Beginning with the line that contains "Lionsgate-Project.jpg", transcribe every line down to the end of the entries, exactly, and no other lines.

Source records
• • • • •
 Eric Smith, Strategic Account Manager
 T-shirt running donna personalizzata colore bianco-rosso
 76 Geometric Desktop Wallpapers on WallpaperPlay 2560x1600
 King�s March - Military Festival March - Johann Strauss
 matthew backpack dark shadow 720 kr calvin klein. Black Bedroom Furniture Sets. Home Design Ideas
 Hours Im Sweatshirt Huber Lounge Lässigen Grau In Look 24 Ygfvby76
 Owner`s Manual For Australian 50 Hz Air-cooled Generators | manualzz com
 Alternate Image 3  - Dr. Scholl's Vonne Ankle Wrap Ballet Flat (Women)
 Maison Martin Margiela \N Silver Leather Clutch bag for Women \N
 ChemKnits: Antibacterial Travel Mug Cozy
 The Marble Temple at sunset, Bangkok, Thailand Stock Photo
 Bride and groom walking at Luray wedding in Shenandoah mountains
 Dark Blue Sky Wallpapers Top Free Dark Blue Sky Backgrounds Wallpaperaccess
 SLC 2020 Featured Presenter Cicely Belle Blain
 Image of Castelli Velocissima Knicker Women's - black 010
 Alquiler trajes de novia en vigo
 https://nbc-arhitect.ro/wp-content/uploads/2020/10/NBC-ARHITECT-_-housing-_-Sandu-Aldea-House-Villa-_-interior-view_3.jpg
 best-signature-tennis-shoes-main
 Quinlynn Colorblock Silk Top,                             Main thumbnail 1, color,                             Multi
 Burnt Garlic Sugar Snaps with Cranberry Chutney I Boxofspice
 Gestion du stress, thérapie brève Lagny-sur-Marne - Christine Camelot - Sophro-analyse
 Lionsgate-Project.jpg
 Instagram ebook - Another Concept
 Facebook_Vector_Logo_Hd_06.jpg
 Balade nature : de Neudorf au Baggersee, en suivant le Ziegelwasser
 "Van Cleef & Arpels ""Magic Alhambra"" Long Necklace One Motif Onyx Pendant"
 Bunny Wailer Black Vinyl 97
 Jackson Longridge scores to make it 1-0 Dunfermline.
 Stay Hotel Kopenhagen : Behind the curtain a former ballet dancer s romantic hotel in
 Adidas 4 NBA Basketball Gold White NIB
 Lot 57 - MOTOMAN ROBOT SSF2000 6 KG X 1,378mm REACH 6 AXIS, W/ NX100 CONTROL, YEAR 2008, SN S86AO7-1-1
• • • • •
[Response box]
 Lionsgate-Project.jpg
 Instagram ebook - Another Concept
 Facebook_Vector_Logo_Hd_06.jpg
 Balade nature : de Neudorf au Baggersee, en suivant le Ziegelwasser
 "Van Cleef & Arpels ""Magic Alhambra"" Long Necklace One Motif Onyx Pendant"
 Bunny Wailer Black Vinyl 97
 Jackson Longridge scores to make it 1-0 Dunfermline.
 Stay Hotel Kopenhagen : Behind the curtain a former ballet dancer s romantic hotel in
 Adidas 4 NBA Basketball Gold White NIB
 Lot 57 - MOTOMAN ROBOT SSF2000 6 KG X 1,378mm REACH 6 AXIS, W/ NX100 CONTROL, YEAR 2008, SN S86AO7-1-1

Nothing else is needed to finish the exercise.